Of course, like many of the leading voices in America’s 1960s counterculture, Ed Sanders and his cohorts also enjoyed painting with a satirical brush, which sometimes made it hard to tell if The Fugs were a “serious” band or an attempt to subvert and criticise what they deemed to be a stupid, posturing art form.
“Remember the programme of The Fugs,” Sanders told the audience at that 1966 concert. “We stand for the four P’s: Peace, Prosperity, Pussy, and Perversion! Now here’s another oldie but goldie, it’s a napalm mantra, it’s ‘Kill For Peace’.”
The Fugs were often correctly described as poets and performance artists rather than musicians, and they generated more headlines for stunts and protests, such as their 1967 attempt to “exorcise” the Pentagon in Washington, DC, than for the quality of their records.

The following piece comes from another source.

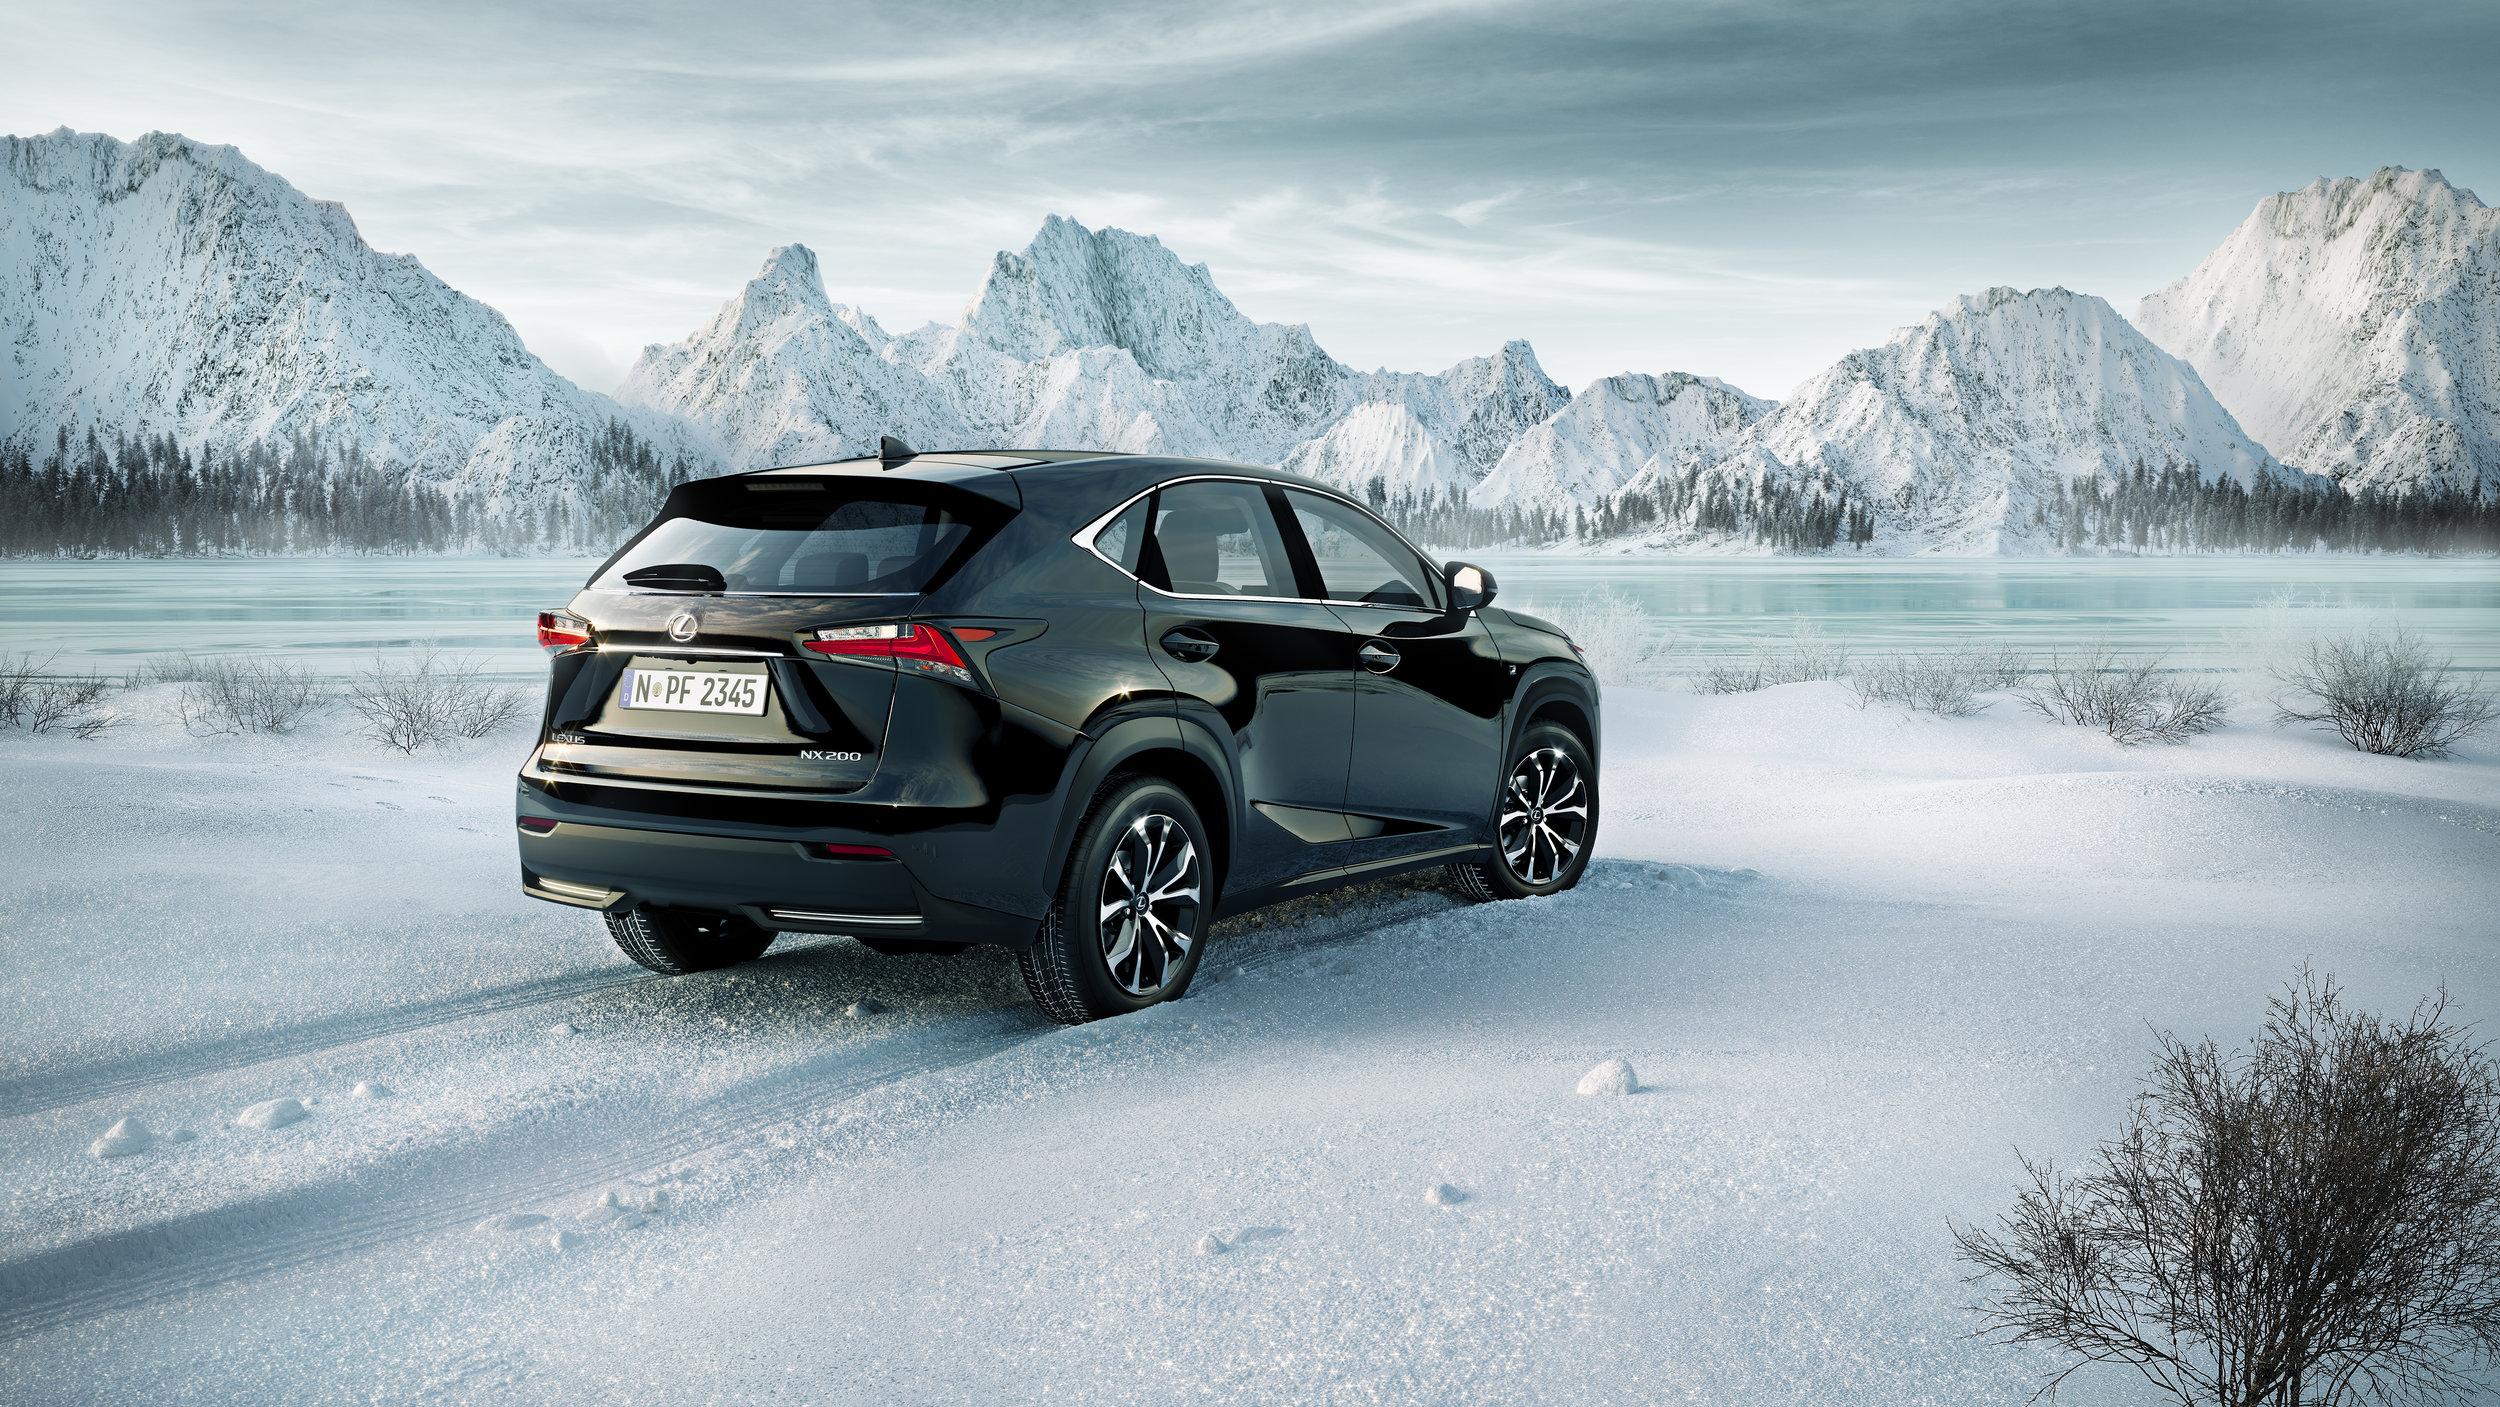 Lexus_NX_2017_Forest_Snow_Static.jpg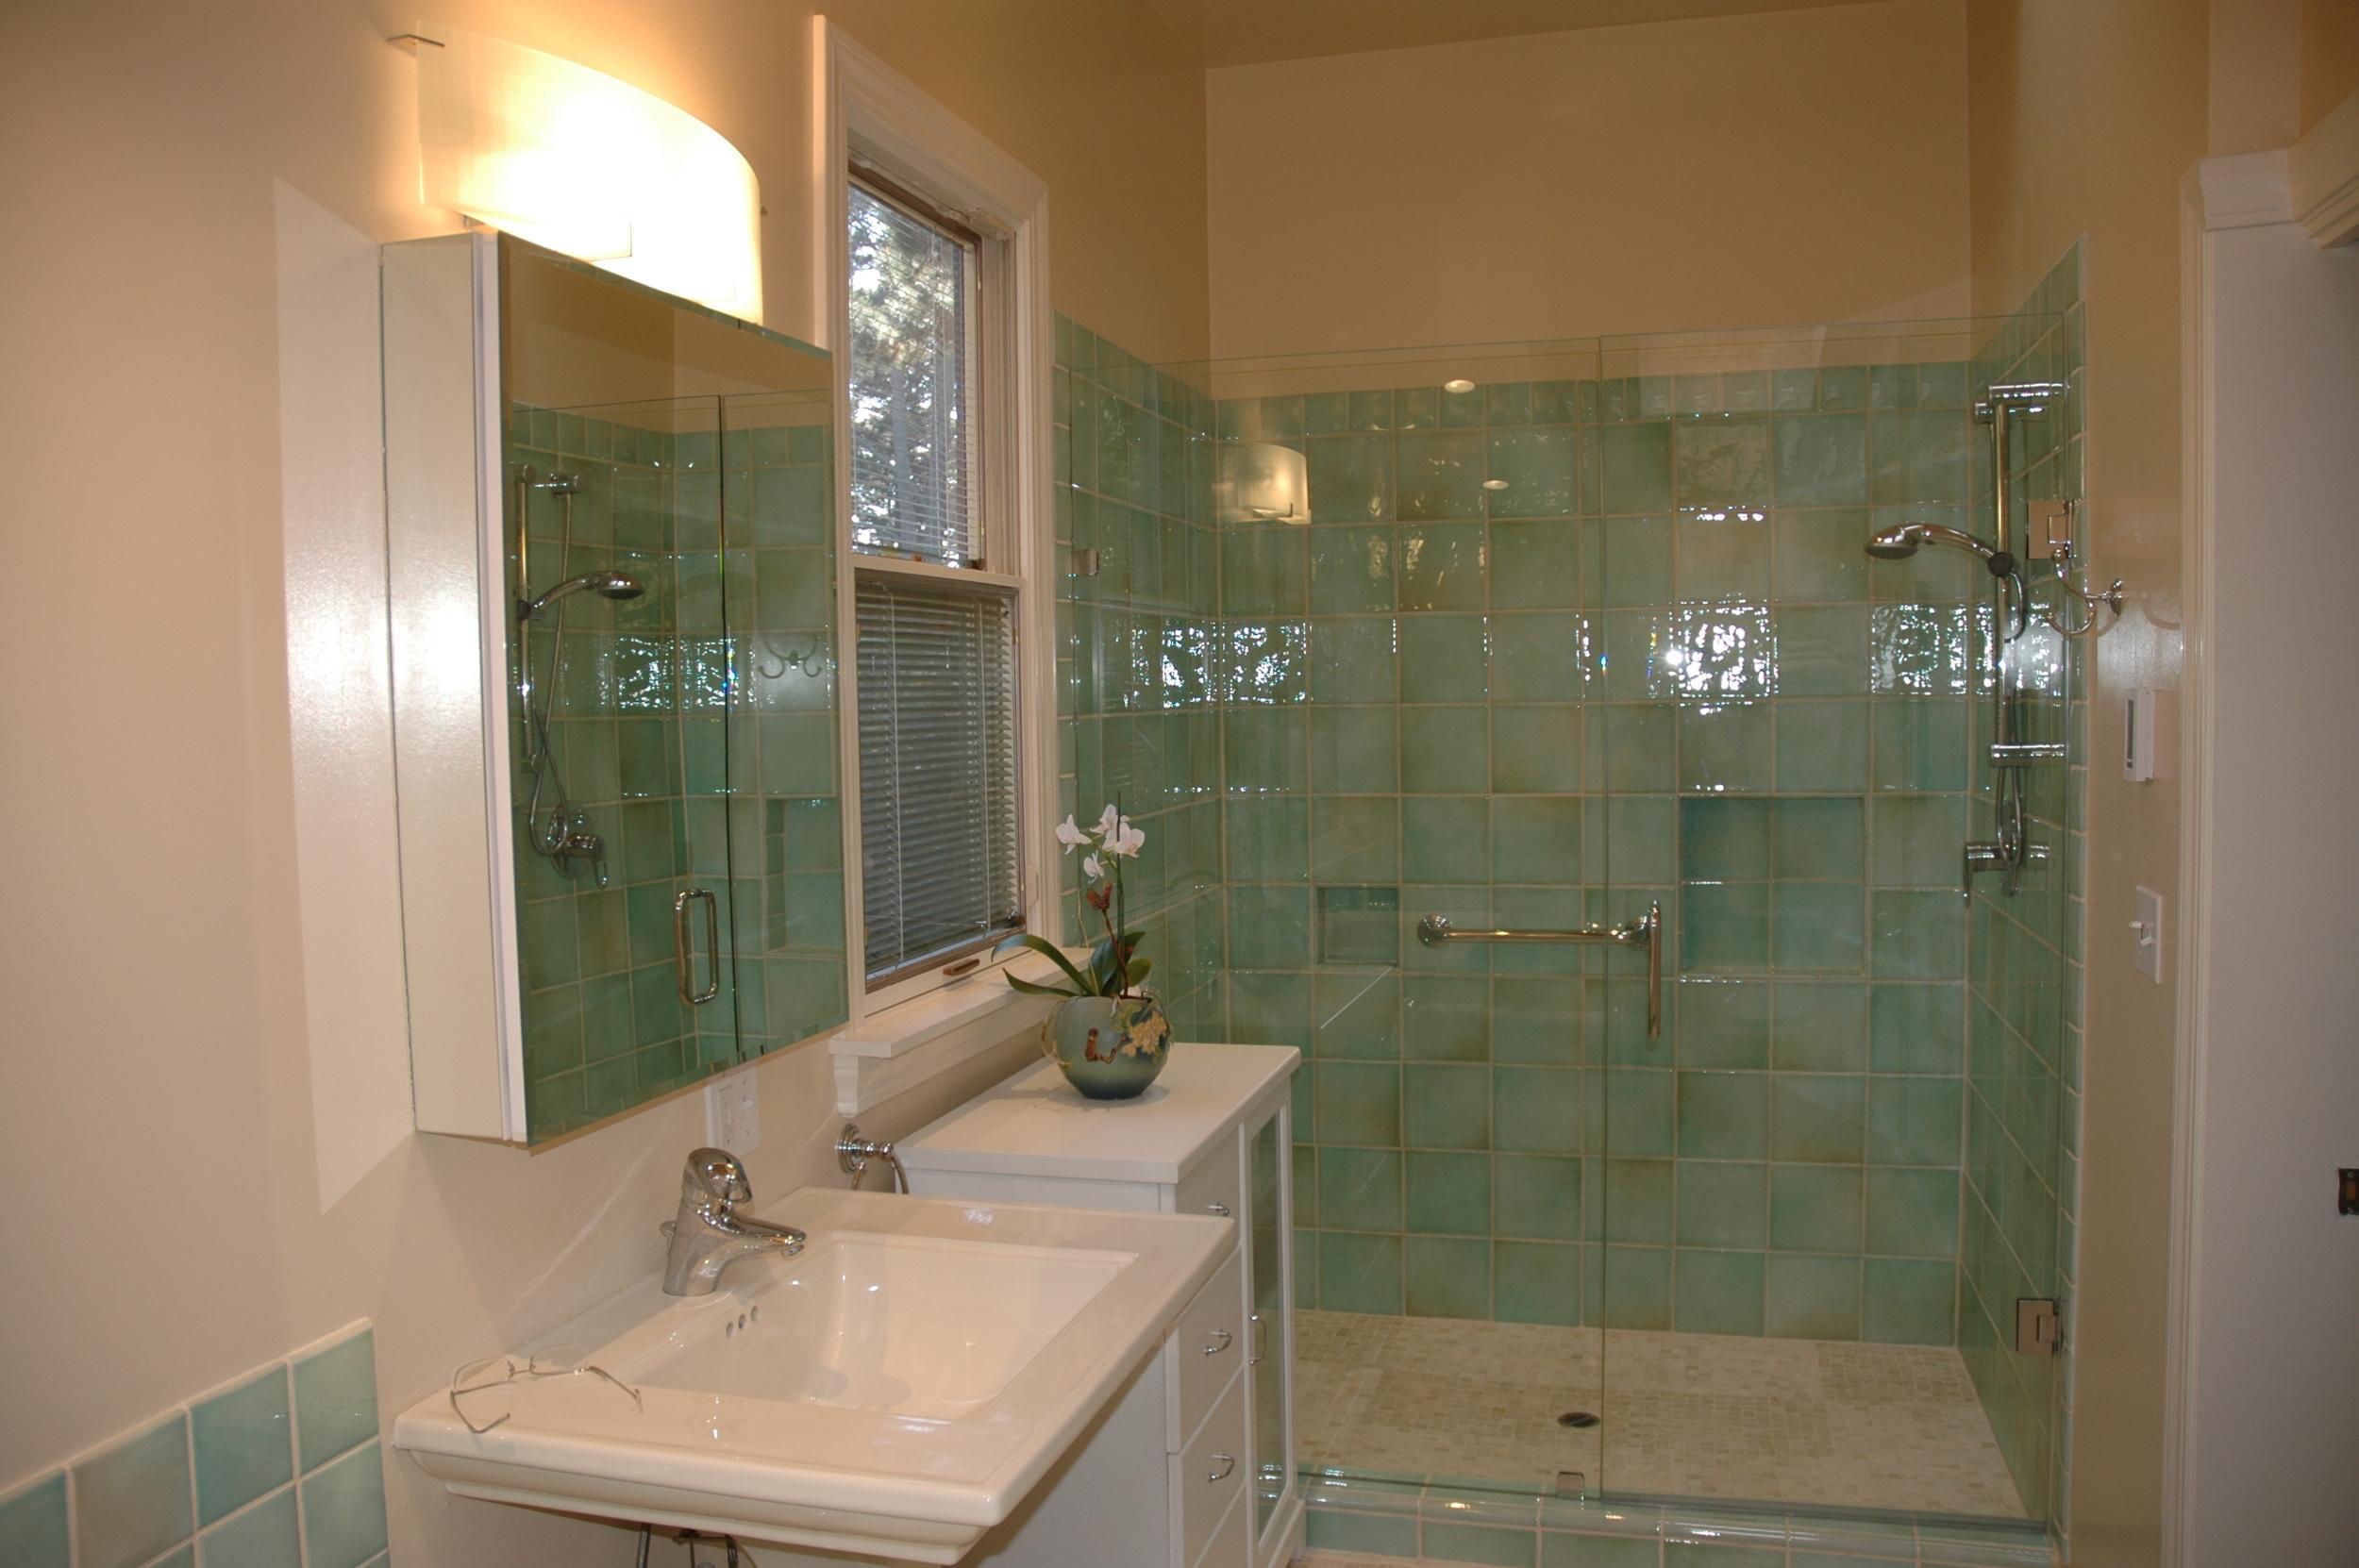 green-tile-bathroom.JPG

“We had absolutely no sense or belief that there would be any interest in this stuff 30 years later,” Sanders said upon the anniversary re-releases of the first two Fugs albums in the mid-1990s. “On one level, we just did all this for a joke. We decided to have some fun and party, and write some songs. We were poets, and we certainly knew how to write words, but none of us went to Juilliard, and when we made the first record, we didn’t even know how to face microphones.”
In a similar way to other boundary-pushing acts of their era, from the Mothers of Invention to the MC5, it was actually The Fugs’ central, obsessive focus on the here-and-now, rather than any concerns about stuff like legacy, that wound up making them historically relevant and more than a ‘60s footnote.
Their unusual psych-folk-art-punk project also brought together different wings of the counterculture, writers, artists, activists, and musicians in a way few bands had before. Radio hits and big album sales weren’t forthcoming, but The Fugs certainly outlasted and transcended the original “joke”.